Bug#785714: kexec-tools is broken when using systemd, danger of filesystem corruption

2016-03-20 Thread Jan Stattegger-Sievers
Hi,

for the second time we ran into this problem and lost again data on
several servers. First time, we assumed a firmware update we ran before
the reboot to be the cause.

This time, there was no firmware update and we looked further into this,
knowing now this is no singular issue. And it turns out: On every kexec
reboot you will loose data, if your servers are doing a significant
amount of work shortly before the reboot, since no umount is done
before the new kernel kicks in.

This definitely needs a fix!

Since the proposed fix changes the behavior of reboot and shutdown -r I
am cc'ing systemd-sysv maintainers.

Regards,
Jan



Bug#785714: kexec-tools is broken when using systemd, danger of filesystem corruption

2016-03-04 Thread Daniel Baumann

On 2016-03-03 21:48, Khalid Aziz wrote:

Is this issue happening for you on jessie or sid? Your original bug
report said Debian 8.0, so I have been focusing on jessie.

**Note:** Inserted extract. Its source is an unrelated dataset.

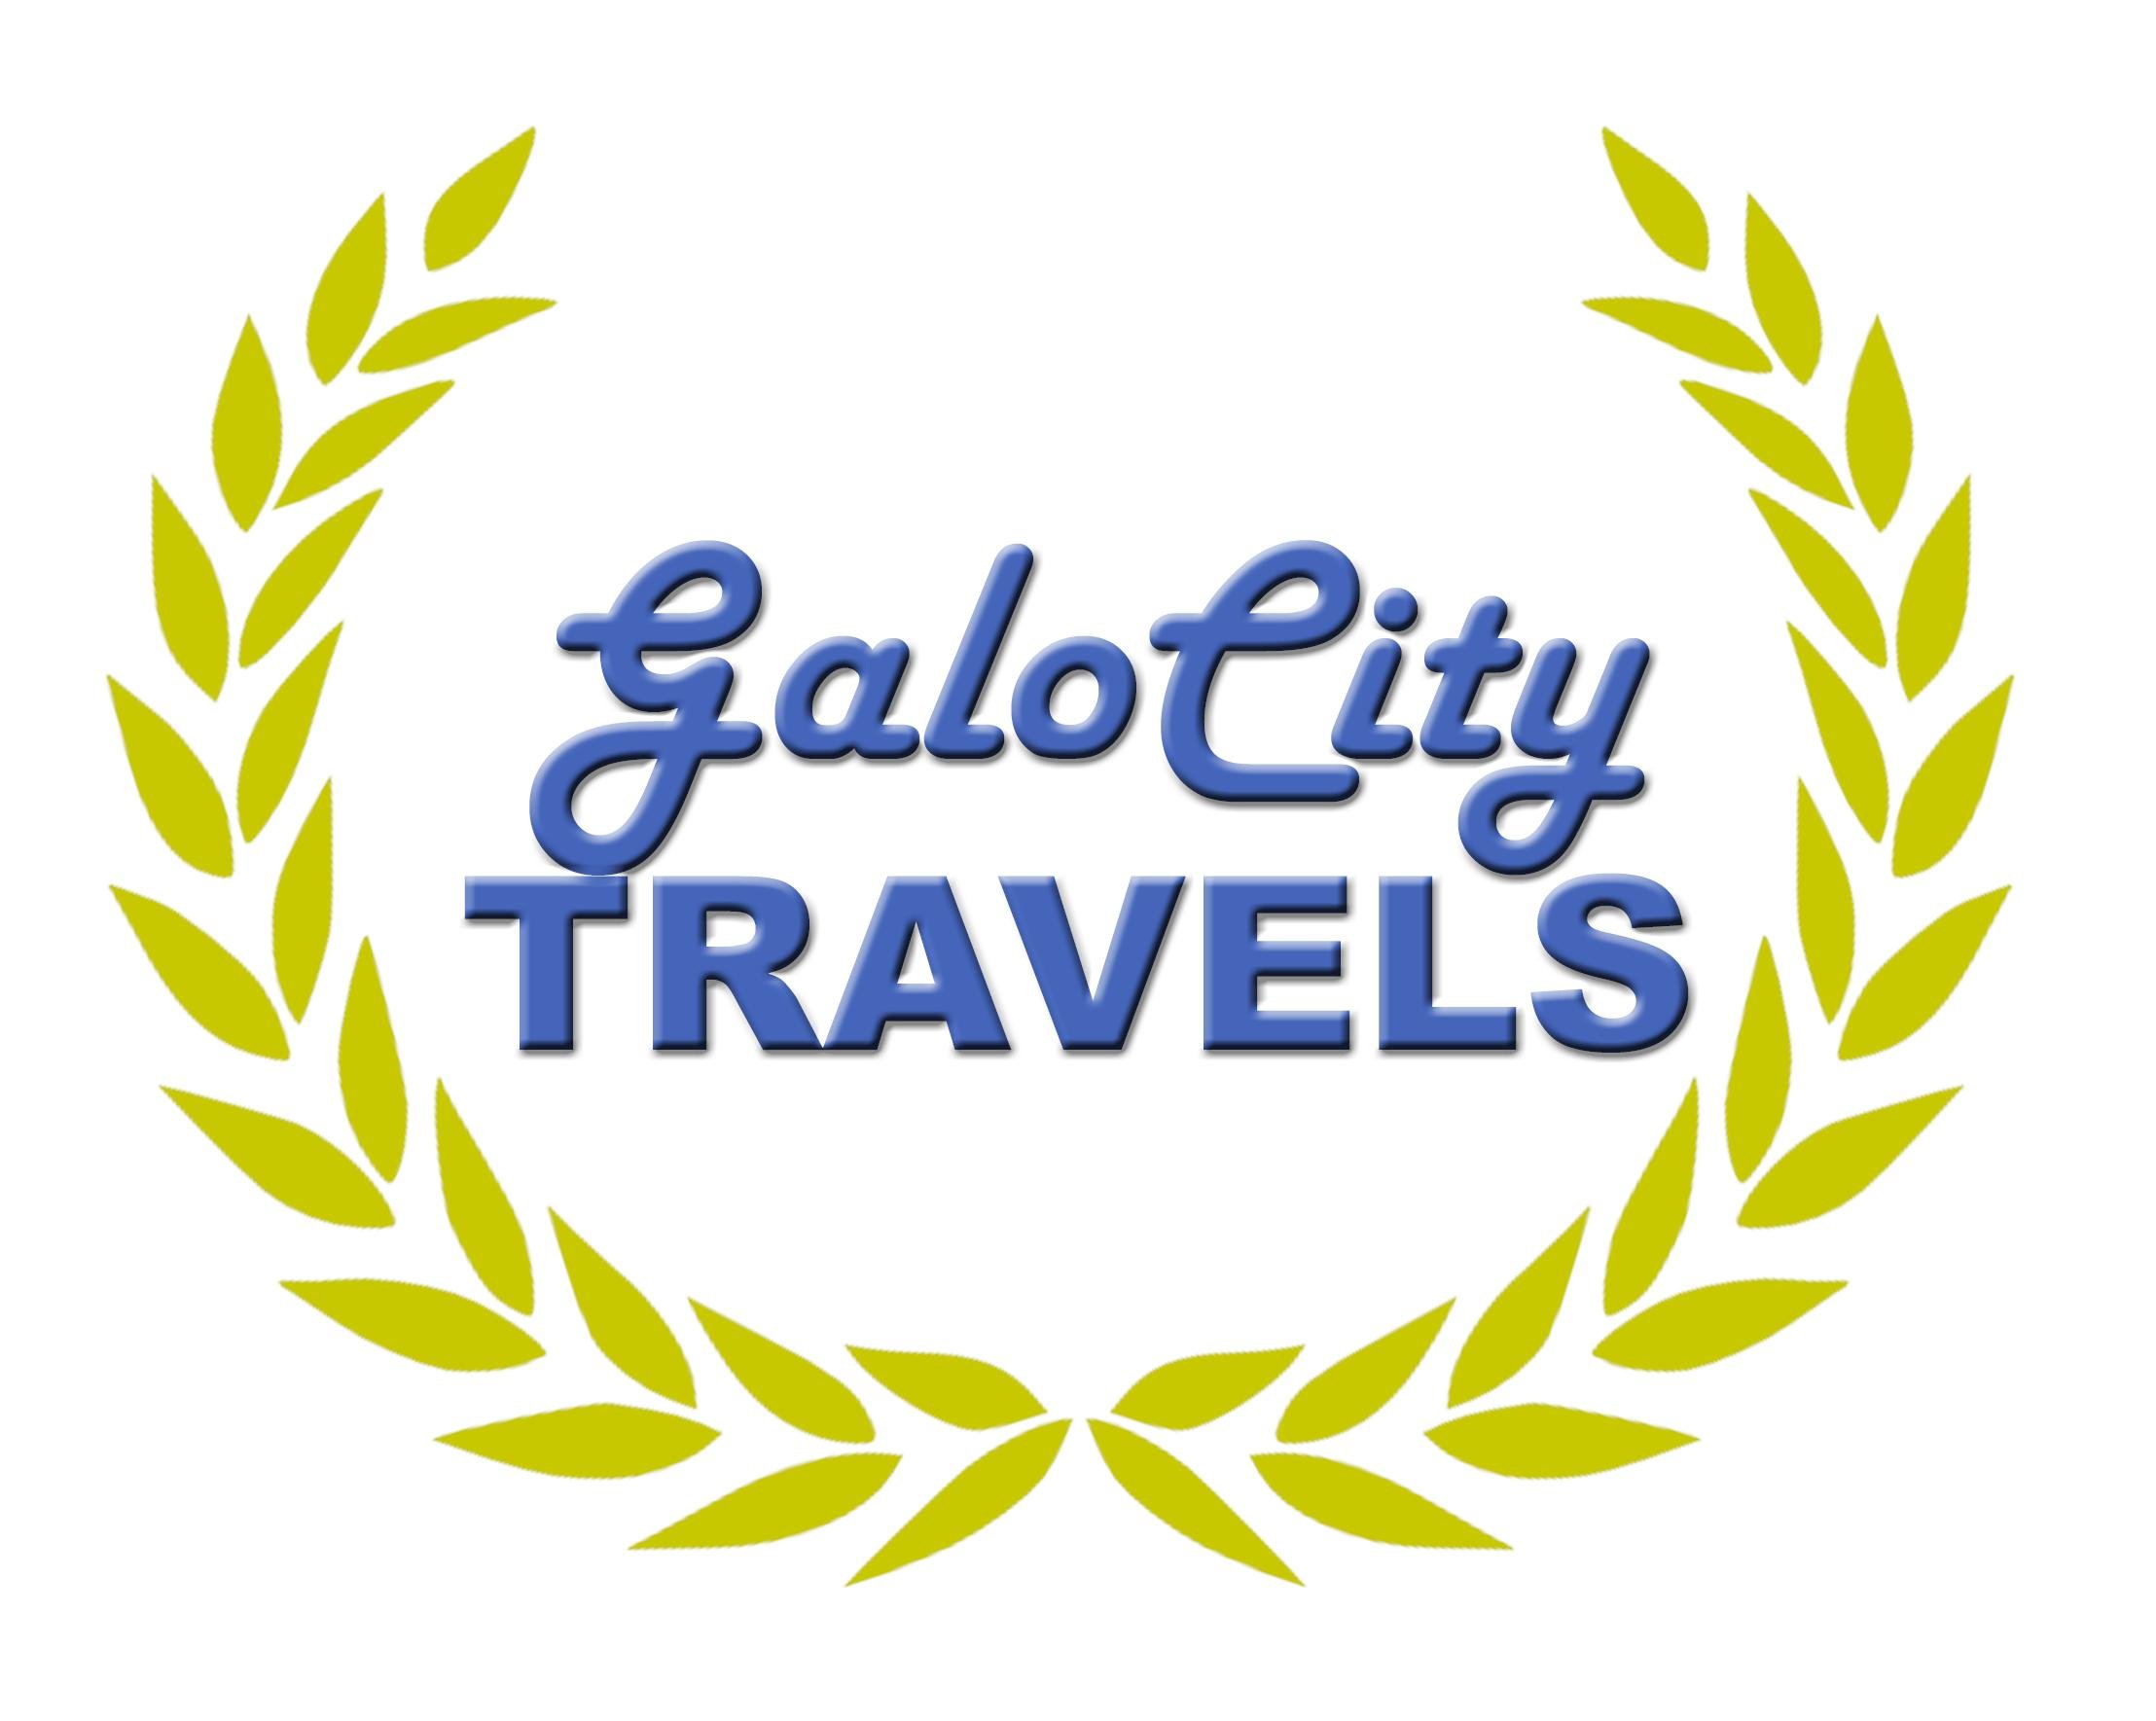 Galocity Travels

it happens on both, but primarily I'm testing sid.

Regards,
Daniel



Bug#785714: kexec-tools is broken when using systemd, danger of filesystem corruption

2016-03-03 Thread Khalid Aziz
On 03/03/2016 12:10 PM, Daniel Baumann wrote:
> On 2016-03-03 01:33, Khalid Aziz and Shuah Khan wrote:
>> I have not been able to reproduce this bug and that has been the
>> limiting factor in being able to fix it.
> 
> I can reliably reproduce it on unmodified, standard/default sid minimal
> install with / on raid1. i'll check tomorrow if i can also reproduce it
> without mdadm (i used to have the problem too without mdadm, but last
> checked a few weeks ago, thus rechecking to confirm).
> 

Hi Daniel,

Is this issue happening for you on jessie or sid? Your original bug
report said Debian 8.0, so I have been focusing on jessie.

--
Khalid



Bug#785714: kexec-tools is broken when using systemd, danger of filesystem corruption

2016-03-03 Thread Daniel Baumann

On 2016-03-03 01:33, Khalid Aziz and Shuah Khan wrote:

I have not been able to reproduce this bug and that has been the
limiting factor in being able to fix it.


I can reliably reproduce it on unmodified, standard/default sid minimal 
install with / on raid1. i'll check tomorrow if i can also reproduce it 
without mdadm (i used to have the problem too without mdadm, but last 
checked a few weeks ago, thus rechecking to confirm).


Regards,
Daniel



Bug#785714: kexec-tools is broken when using systemd, danger of filesystem corruption

2016-03-02 Thread Khalid Aziz and Shuah Khan
On 02/26/2016 01:13 PM, Daniel Baumann wrote:
> Hi,
> 
> thanks for maintaining kexec-tools, however, kexec-tools reliably and
> reproducibly trashes my root filesystem *on* *every* *reboot*.
> 
> can this be finally fixed please?
> 
> Regards,
> Daniel
> 

Hi Daniel,

I have not been able to reproduce this bug and that has been the
limiting factor in being able to fix it. I have tried this on 3
different machines and kexec reboot always unmounts the root filesystem
correctly before reboot. I am doing a fresh install on another machine
and will spend some time trying to reproduce it. I appreciate your
patience with me.

Thanks,
Khalid



Bug#785714: kexec-tools is broken when using systemd, danger of filesystem corruption

2016-02-26 Thread Daniel Baumann
Hi,

thanks for maintaining kexec-tools, however, kexec-tools reliably and
reproducibly trashes my root filesystem *on* *every* *reboot*.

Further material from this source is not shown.